Vestido de onça? Não é o meu estilo. De zebra? Não, também. De cobra? Pelo amor, eu não sou um zoológico!
E as sandálias de salto quinze finíssimo? Não mesmo, super desconfortáveis! Principalmente com suas minúsculas tiras "de sustentação" que machucam meus pés.

Por que nenhuma loja compreende o meu jeito?

- Gente, eu estou exausta! Não achamos nada para mim. Por que estão mais animados para isso do que eu?

- Não mesmo, temos uma última loja para ir. Por favor, estou sentindo que vai dar certo dessa vez.

- Vamos, animação, docinho! Já estamos aqui mesmo, não é?

- Tudo bem, tudo bem. Última chance.

Eles comemoraram e me puxaram para um estabelecimento pequeno, com uma mesa redonda de pés de madeira e tampa de vidro repleta de revistas de moda no centro, bem abaixo de um lustre para lá de luxuoso. Os detalhes em cristal pareciam uma chuva e lançavam fragmentos de luz colorida nas paredes brancas e nos inúmeros vestidos de festa que ocupavam as duas laterais inteiras.

A loja estava estranhamente vazia, então andamos pelos cabides, olhando as opções. Nenhuma me encheu os olhos, gosto de coisas discretas e, de preferência, que escondem minhas "curvas".

- Boa tarde, o que desejam? - levamos um susto enorme com o homem alto e gordo que usava um belo terno azul celeste.

- Essa coisinha linda está procurando um vestido de festa para hoje. - anunciou Luzia com a maior naturalidade.

O atendente aproximou-se de mim a passos rápidos e curto, pegou meu queixo entre o dedão e o indicador, parando seus olhos castanhos em cada detalhe do meu rosto assustado.

- Tenho a roupa perfeita, querida. Espere um momento, por favor. - ele entrou por uma portinha e voltou com uma capa preta no cabide. - O vestiário é bem ali.

- O-obrigada... - eu não sabia se tinha saído uma afirmação ou uma pergunta, mas obedeci logo.

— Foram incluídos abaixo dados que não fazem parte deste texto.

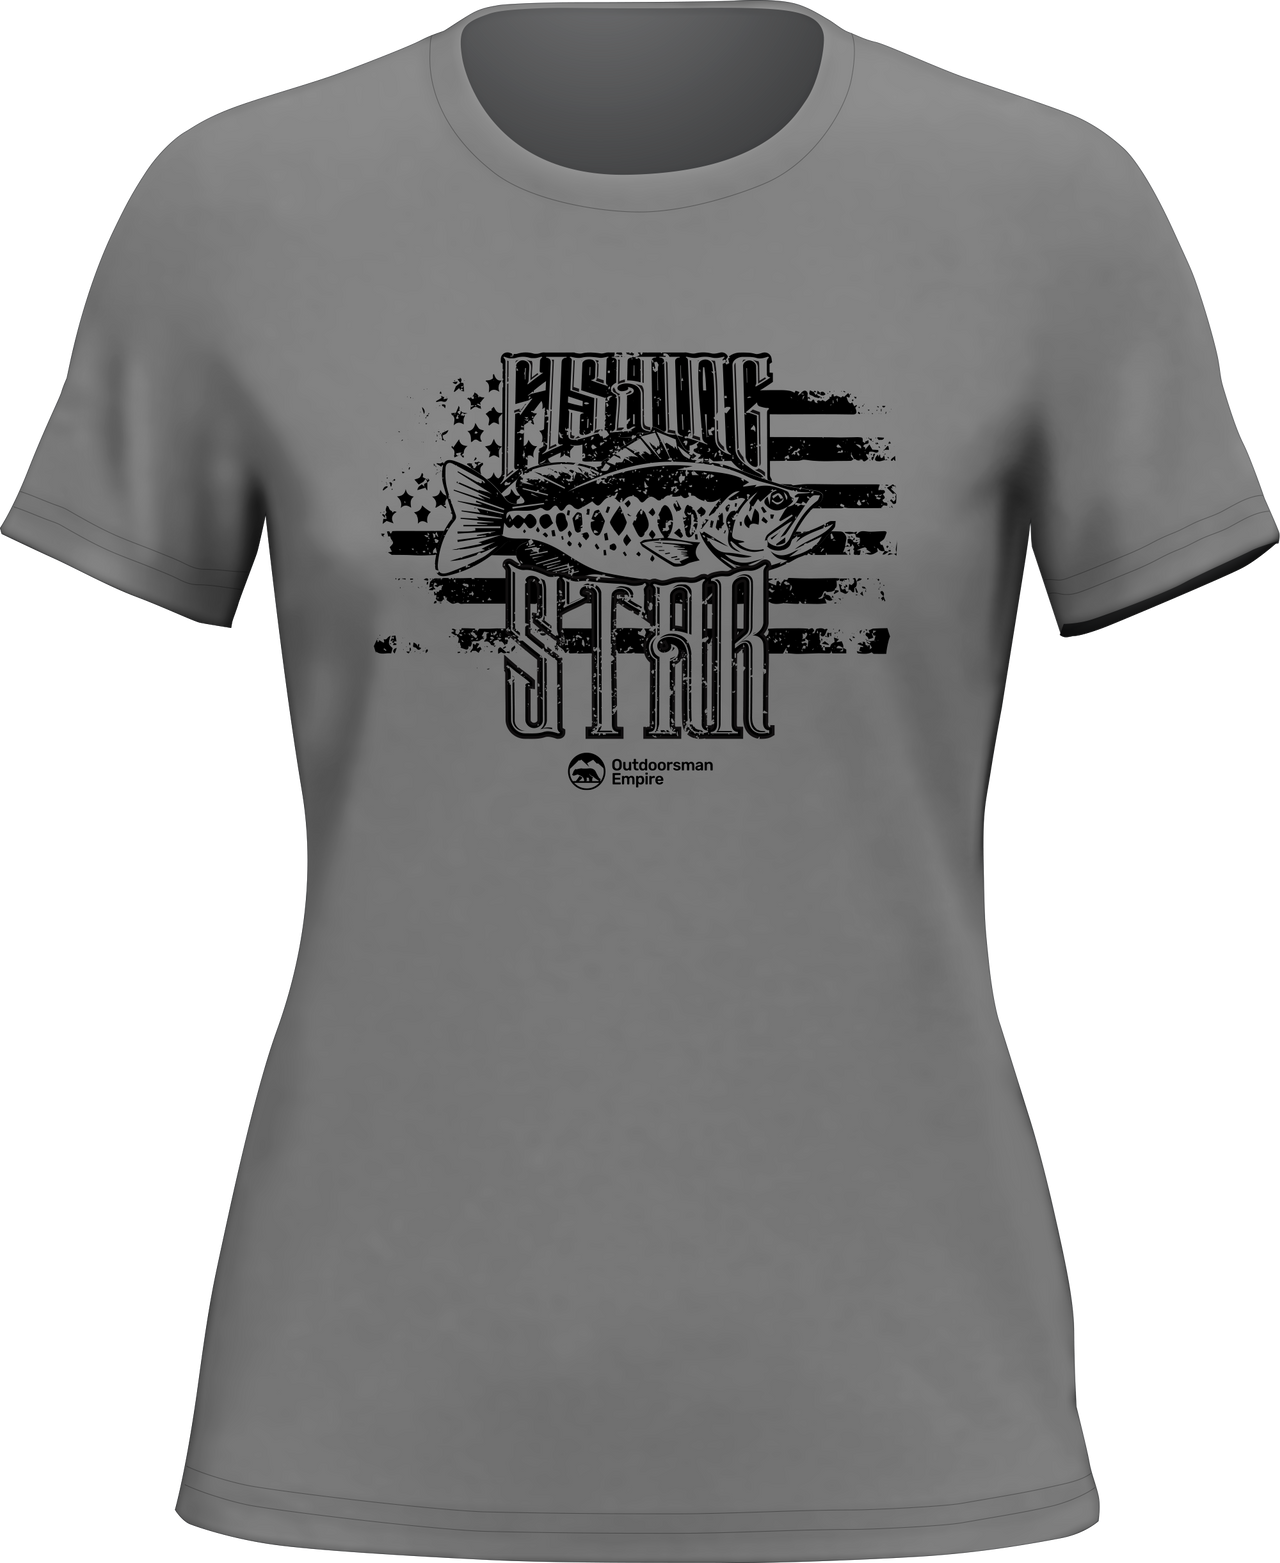 Fishing Star T-Shirt for Women

Sendo sincera? Eu estava tão nervosa de não achar uma roupa que me sirva! Tirei o uniforme e as luvas, abri a capa e, caramba, que vestido lindo!

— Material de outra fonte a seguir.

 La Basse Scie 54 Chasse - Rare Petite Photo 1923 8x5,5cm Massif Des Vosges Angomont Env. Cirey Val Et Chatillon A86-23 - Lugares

A parte superior era de renda bege, com mangas longas até os pulsos e uma abertura que chega na metade das costas. A saia, que começa após um cinto discreto e fino embutido, é de tule roxo e vai até meu joelho, ela também conta com alguns pontinhos prateados que dão um toque especial.
Encarei minha imagem no espelho do vestiário, eu estou realmente linda! E meus cortes estão todos escondidos.

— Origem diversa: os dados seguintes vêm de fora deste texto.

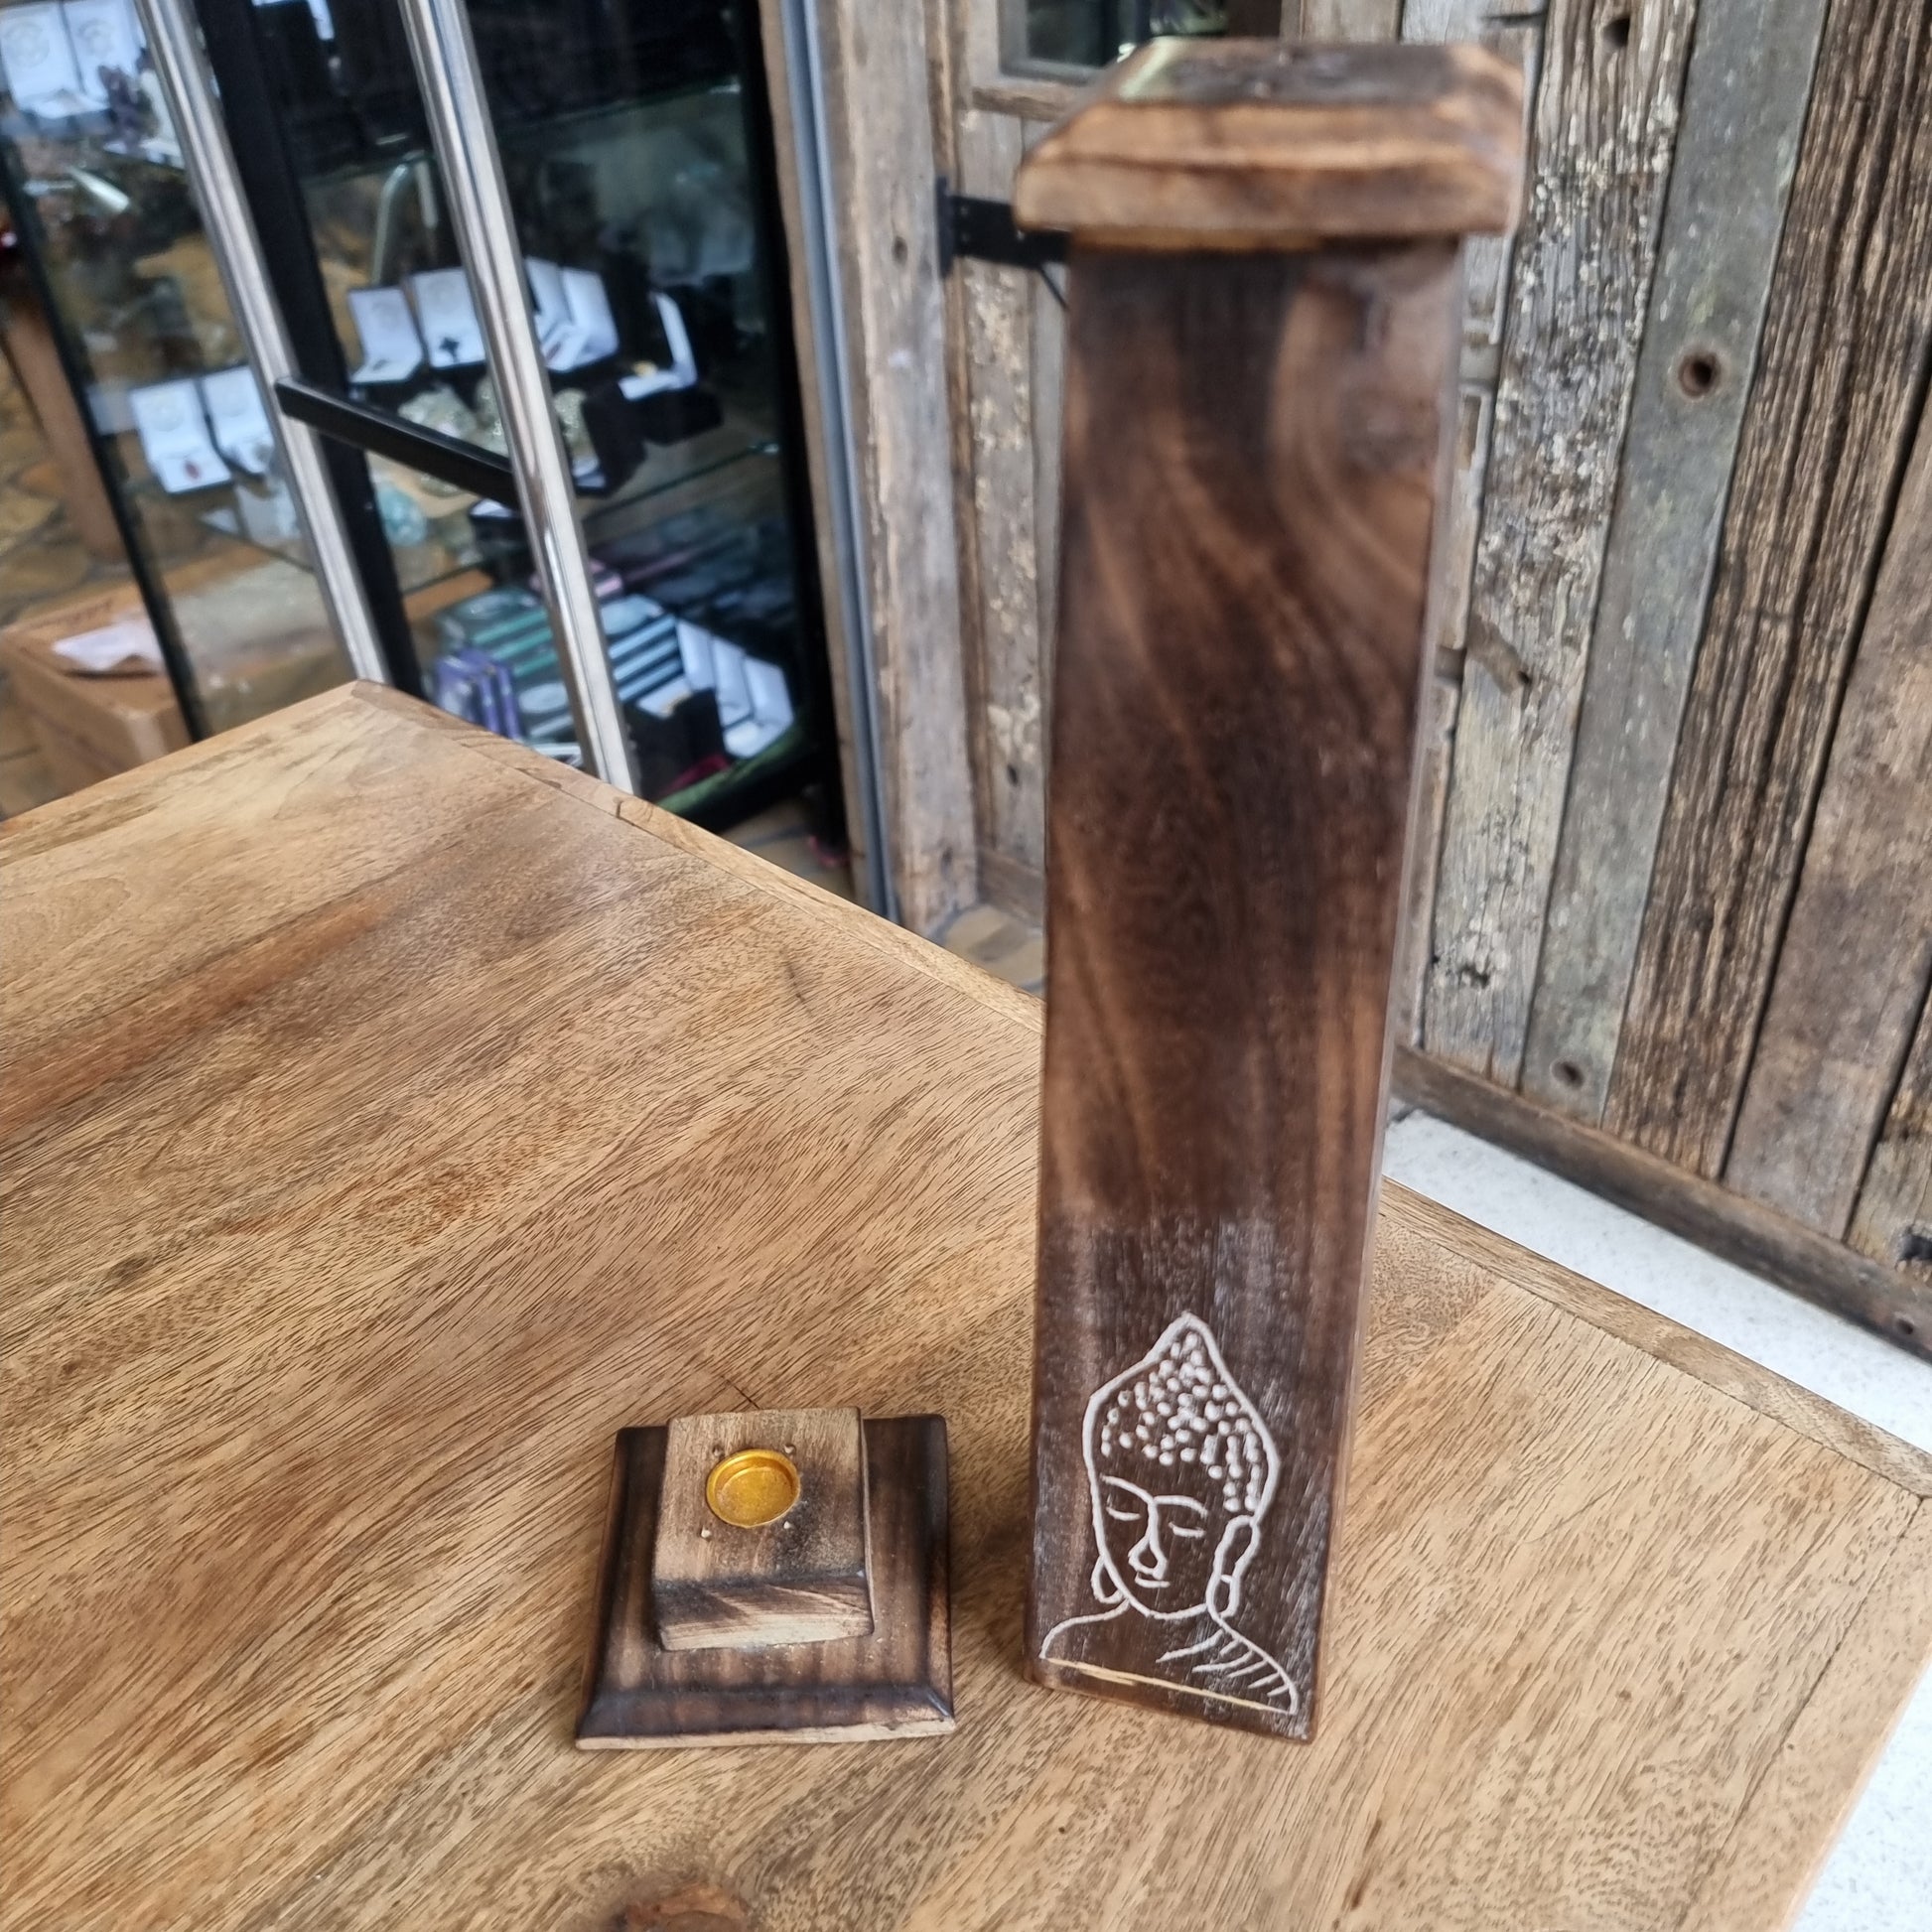 Tower incense holder - Rivendell Shop

Passei a mão pelo meu corpo, sentindo todas as texturas agradáveis do vestido, isso deve ser o olho da cara.

- É para hoje, Lisa?

- Hã? Ah, claro. - destranquei a porta e saí. Um a um, os olhares dos presentes foram se iluminando como se estivessem diante de uma das maravilhas do mundo. A vergonha começou a me tomar o rosto em forma de um rubor forte. - Eu queria algo... Mais discreto, sabe? Algo que me deixe mais... Que afine mais a minha imagem, entende?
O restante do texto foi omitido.